Using a different recipe for each product variation has several advantages:

  • It is easy to identify which steps differ between recipes in the flowchart.

  • Changing recipes is fast, taking less than 2 seconds in almost all cases.

  • Industrial communication connections are not lost while switching recipes.

  • New recipes can be created from the operator view at runtime, allowing new product variations to be inspected without the need to reconnect your runtime platform to your development computer.

  • You will only need to maintain settings that do not change for each variant in one place.

For more information about working with recipes, see the Recipes overview section in Chapter 55: Recipes.

Using text and spreadsheet files

The TextReader step can be used to import information from text and spreadsheet files at runtime. If your project must handle a large number of product variants and the differences between them can be defined entirely using numbers and strings (for example, not requiring the loading of new models), loading information from a text file or spreadsheet might be the best method for changing inspections settings. This is particularly effective if such a spreadsheet already exists (for example, as part of your product ordering system).

For example, a high speed production line might produce rivets in a variety of sizes. Each type of rivet is defined entirely by 3 numbers: head diameter, shaft diameter, and length. It is not necessary to build a new recipe for the hundreds of possible combinations. Instead, you can use a TextReader step to read these numbers from a CSV file that was generated using third-party spreadsheet software. You can reference each variant by column number, potentially allowing easy integration with other systems (such as PLCs and product ordering software).

For more information on reading information from a CSV file, see the Reading CSV files subsection of the TextReader step overview section in Chapter 47: TextReader and TextWriter steps.

Using the Switch step

When changing the settings of existing steps is insufficient to inspect a product variant, you can use the Switch step to perform different steps as required.

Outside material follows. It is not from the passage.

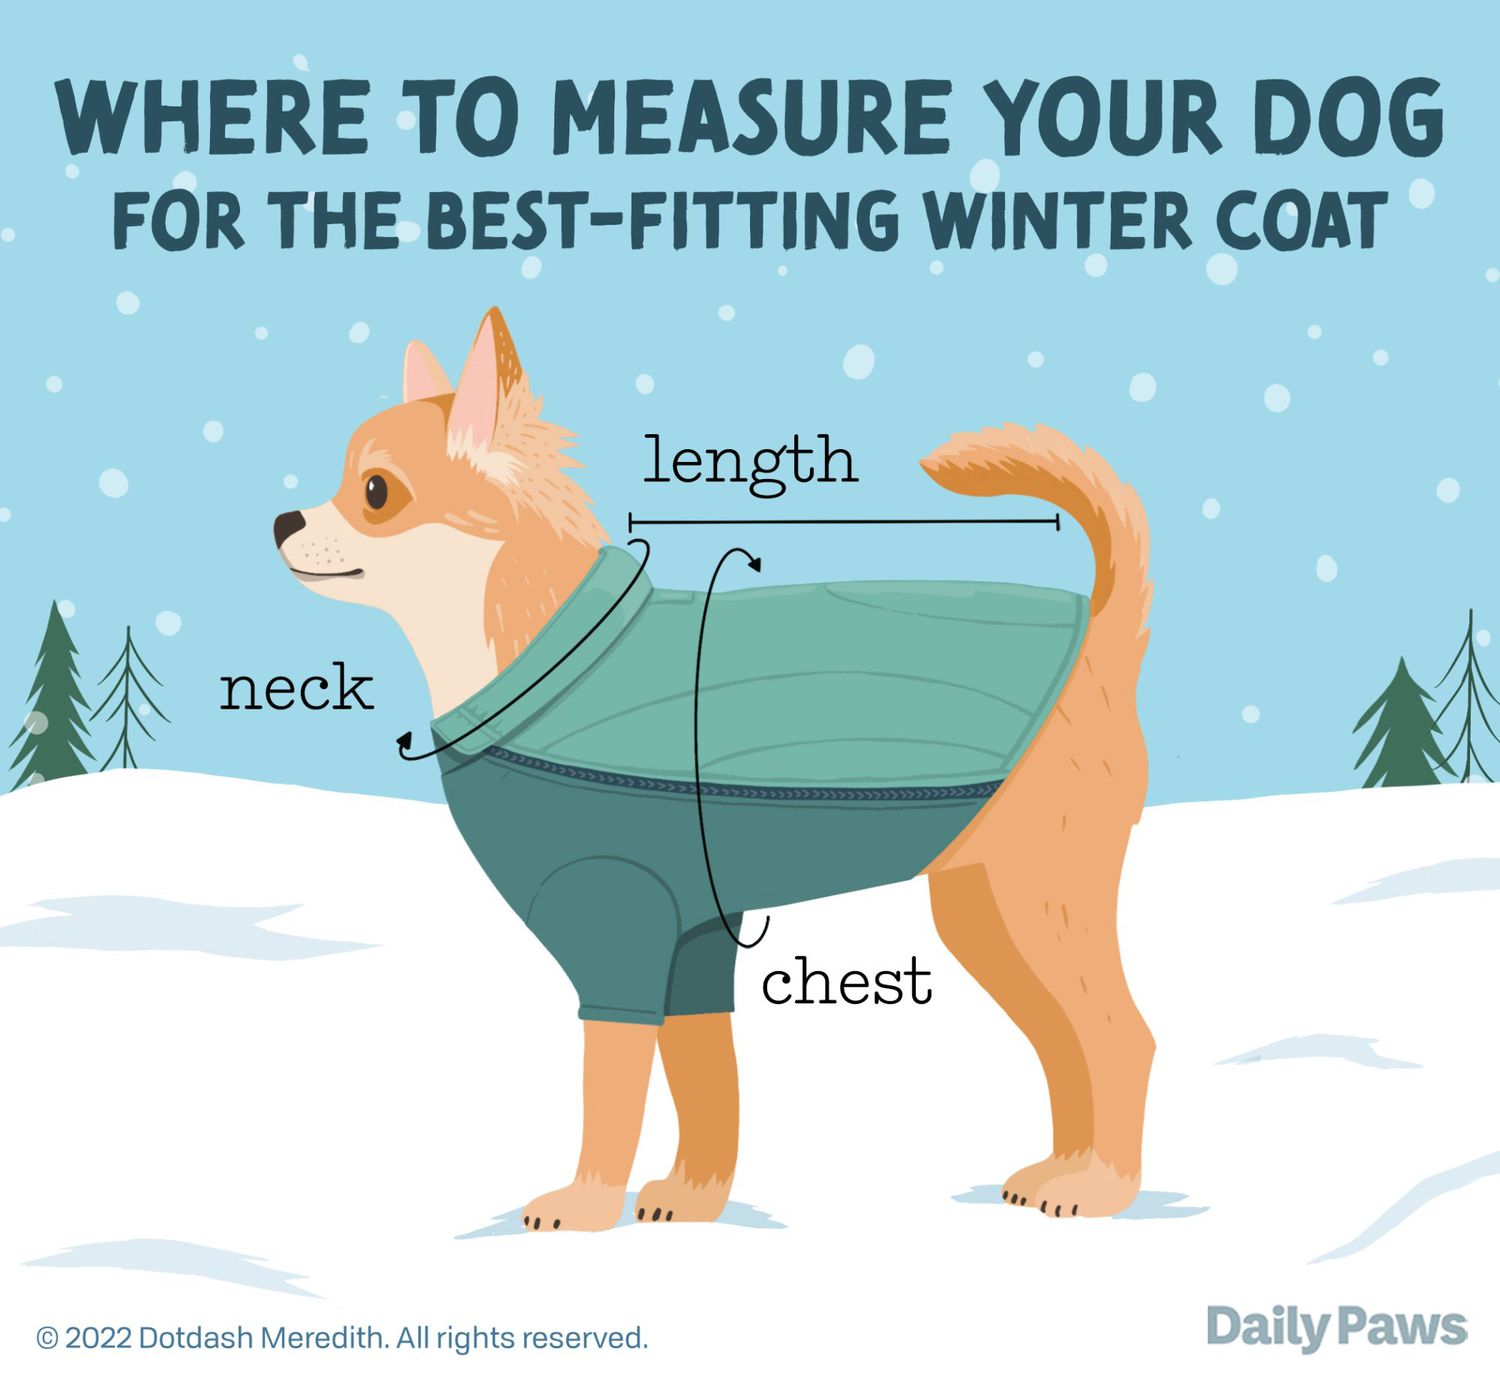 infographic showing wear to measure you dog to determine his coat size

This makes switching between product variants essentially instantaneous.

For example, a medium speed production line might produce substrates with up to 80 inserts. Each substrate can have a different number and placement of inserts, with 20 different configurations offered. The order and thickness of each insert needs to be inspected. You can use a different set of steps for each configuration and control which steps are executed using a Switch step.

Using the Switch step to manage product variants has some disadvantages when compared to recipes and the TextReader step:

  • Your runtime platform must allocate resources for every step in your project, including steps that are bypassed by a flow-control step. Even if a single product variant requires only a modest amount of memory to inspect, having a significant number of cases with memory-intensive steps (such as the ImageProcessing step or the ModelFinder step) can lead to out of memory errors. For more information on memory management, see the Memory usage section in Chapter 59: Optimizing your runtime projects.

  • New cases cannot be added to a project at runtime.

Using hybrid strategies

When product variants also have sub-variants, it can be useful to manage them with a combination of the methods mentioned above. This is particularly effective when the sub-variants only differ by a few details.

For example, a medium speed production line might produce the casing for many different shapes and sizes of television remote controls, intended for sale in multiple regions. The silkscreen labels must be inspected to ensure that they have been printed correctly. For any one type of remote, most of the labels are pictographs that do not vary by region. You can use recipes to configure the ModelFinder steps in your project to inspect the pictographs on each remote variant. However, some of the labels contain text which varies by region. Since only a small number of labels vary depending on the target region, you can use a Switch step to change inspection settings for those particular labels.